In a twelfth aspect of the present invention, there is provided the pump apparatus according to the eleventh aspect, wherein the clearance reducing means are arranged closer to opposite axial ends of the drive shaft than the drive-side bearing members in an axial direction of the drive shaft, and arranged closer to opposite axial ends of the driven shaft than the driven-side bearing members in an axial direction of the driven shaft.

With this construction, it is possible to ensure a sufficient distance between the pressing member and the clearance reducing mechanism and thereby reduce an influence of the pressing force of the clearance reducing mechanism on the pressing direction of the pressing member. Therefore, the reduced clearance between the respective gears and the seal surfaces can be maintained.

In a thirteenth aspect of the present invention, there is provided the pump apparatus according to the first aspect, wherein the pump apparatus is a pump apparatus for use in a vehicular brake apparatus which pressurizes fluid pressure in a plurality of wheel cylinders by pumping action of the first pump chamber and the second pump chamber.

With this construction, two pump chambers can be provided using single pump apparatus 1 without using two pump apparatuses, thereby serving for downsizing the brake apparatus as a whole.

In a fourteenth aspect of the present invention, there is provided a pump apparatus including:

    • a drive shaft rotatably supported by bearing members;
    • a drive gear which is driven by the drive shaft;
    • side plates disposed adjacent to opposite side surfaces of the drive gear in an axial direction of the drive gear;
    • a seal member having a seal surface which seals tooth tips of the drive gear and cooperate with the side plates to form a pump chamber; and
    • a pressing means for biasing the drive gear or the seal member in a radial direction thereof to allow the tooth tips of the drive gear and the seal surface of the seal member to press against each other in a closing region disposed between the drive gear and the seal member,
    • wherein contact between an inner circumferential surface of the respective bearing members and an outer circumferential surface of the drive shaft is established on the side of the closing region, while the tooth tips of the drive gear and the seal surface of the seal member are kept pressed against each other in the closing region by the pressing means.
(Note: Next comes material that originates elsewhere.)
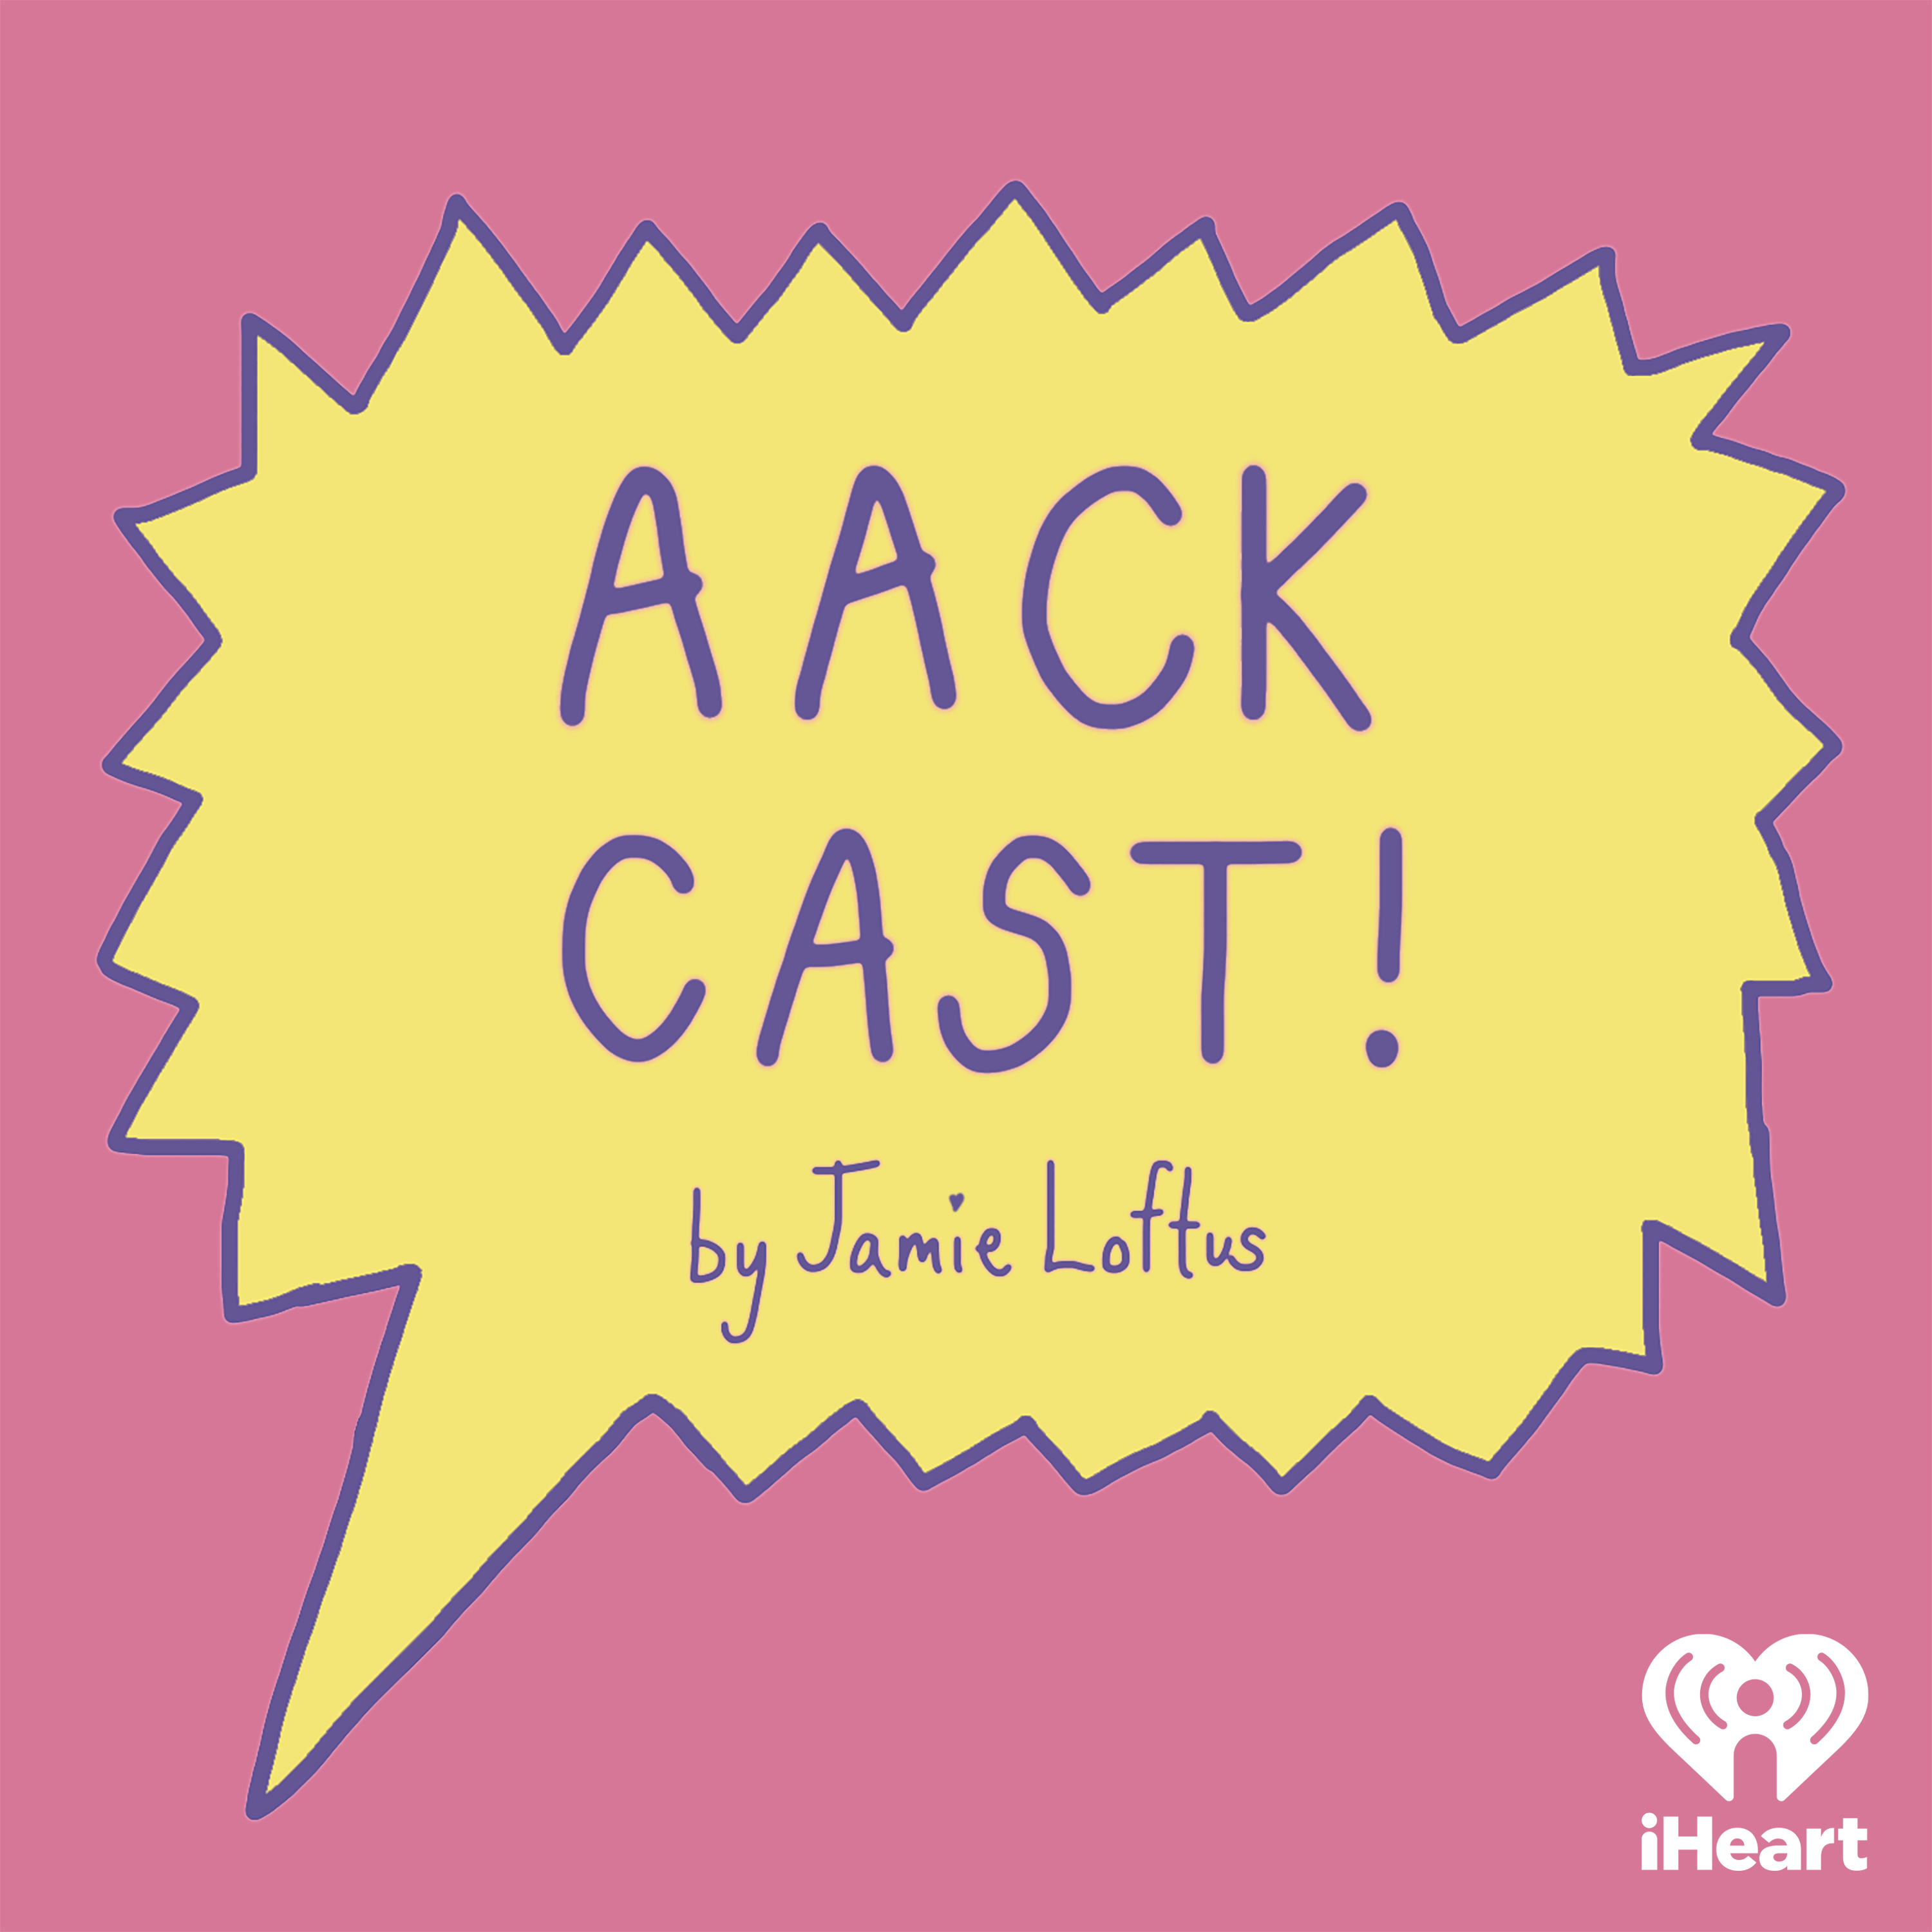 Introducing Aack Cast by Jamie Loftus

With this construction, even in a case where parts have relatively low dimensional accuracy, it is possible to ensure the contact between the tooth tips of the respective drive gears and the seal surface of the respective seal members and the contact between the inner circumferential surface of the respective bearing members and the outer circumferential surface of the drive shaft. Accordingly, the assemblability of the pump apparatus can be enhanced, and displacement of the drive shaft and the drive gear can be suppressed to thereby increase a pump efficiency.

In a fifteenth aspect of the present invention, there is provided the pump apparatus according to the fourteenth aspect, further including a center plate formed with a pressing means accommodating hole in which the pressing means is disposed, wherein assuming that the closing region disposed between the drive gear and the seal member is located in a first quadrant of a unit circle in a coordinate plane which has a center aligned with a central axis of the pressing means accommodating hole, the side of the closing region in which the contact between the inner circumferential surface of the respective bearing members and the outer circumferential surface of the drive shaft is established is located in the first quadrant and/or a second quadrant of the unit circle.

Accordingly, by contacting the inner circumferential surface of the respective bearing members and the outer circumferential surface of the drive shaft with each other in the first quadrant and/or the second quadrant of the coordinate plane, it is possible to establish the contact between the inner circumferential surface of the respective bearing members and the outer circumferential surface of the drive shaft while keeping the contact between the tooth tips of the respective drive gears and the seal surface of the respective seal members in the closing region.

In a sixteenth aspect of the present invention, there is provided the pump apparatus according to the fifteenth aspect, wherein the pressing means is a biasing member which biases the drive shaft toward the closing region, the biasing member being disposed between the outer circumferential surface of the drive shaft and an inner circumferential surface of the pressing means accommodating hole.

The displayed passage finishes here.